Taxes for county purposes amounted to about six or seven mills, or $6 or $7 dollars on each $1,000 personal and property valuation. Remember, this is when the state’s attorney only made $175.50 a quarter, and a physician called to testify in district court got $5 for his time. The county auditor made $199.50 quarterly, but with no Social Security or IRS deductions.

A bonanza for the county coffers was the sale of liquor licenses that sold for $500 a year. Today, the county charge for these licenses is based on the going rate for licenses in nearby cities and counties.

In early January 1885, at the first meeting of the commissioners in the brand new wood-frame county courthouse, commissioners approved nine liquor licenses, two in Volga, three in Elkton, one in Aurora and three in Brookings. The saloonkeepers in White and Bruce probably got theirs in February.

It was a fairly simple matter to get a license, but after some prohibitionists showed up in 1884 and shook their fists (the written record called it a “remonstrance”), the commissioners made one concession.

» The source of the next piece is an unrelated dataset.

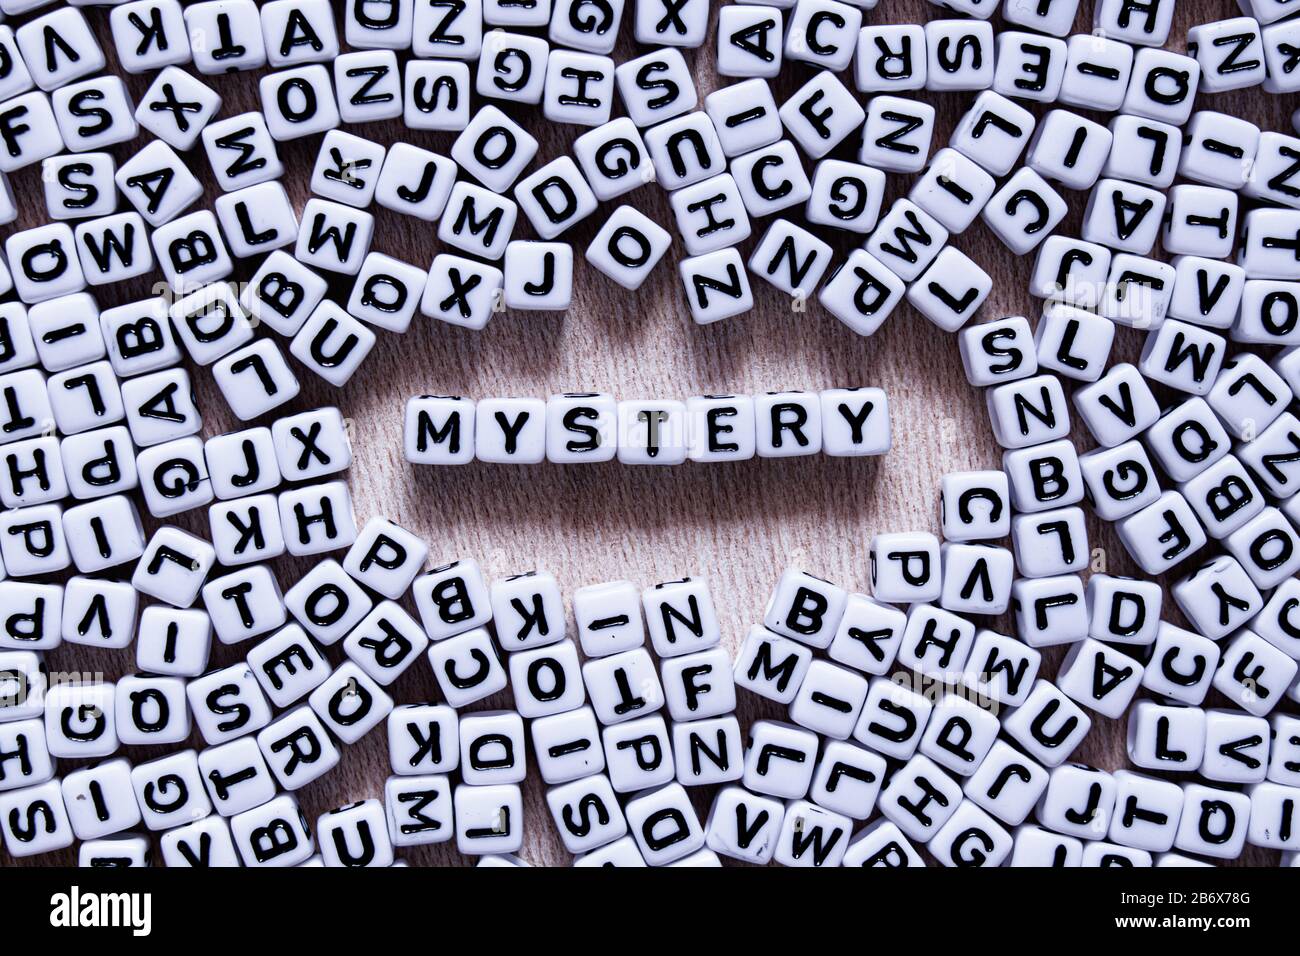 Word Mystery written in English with square and black letters mixed up with all the alphabet letters on a wooden board close-up. The other lette Stock Photo - Alamy

They decided that before a citizen could get a license, they had to be judged by the commissioners as “proper persons.” So far as we know, Brookings County has never had an “improper person” receive a liquor license.

Fortunately, today’s minutes are typed, but future historians will have a devil of a time trying to decipher the cursive minutes I’ve just discussed.  

In some cases, history will start with the days when the art of writing ended and printing became the mode, and that’s too bad for history’s sake.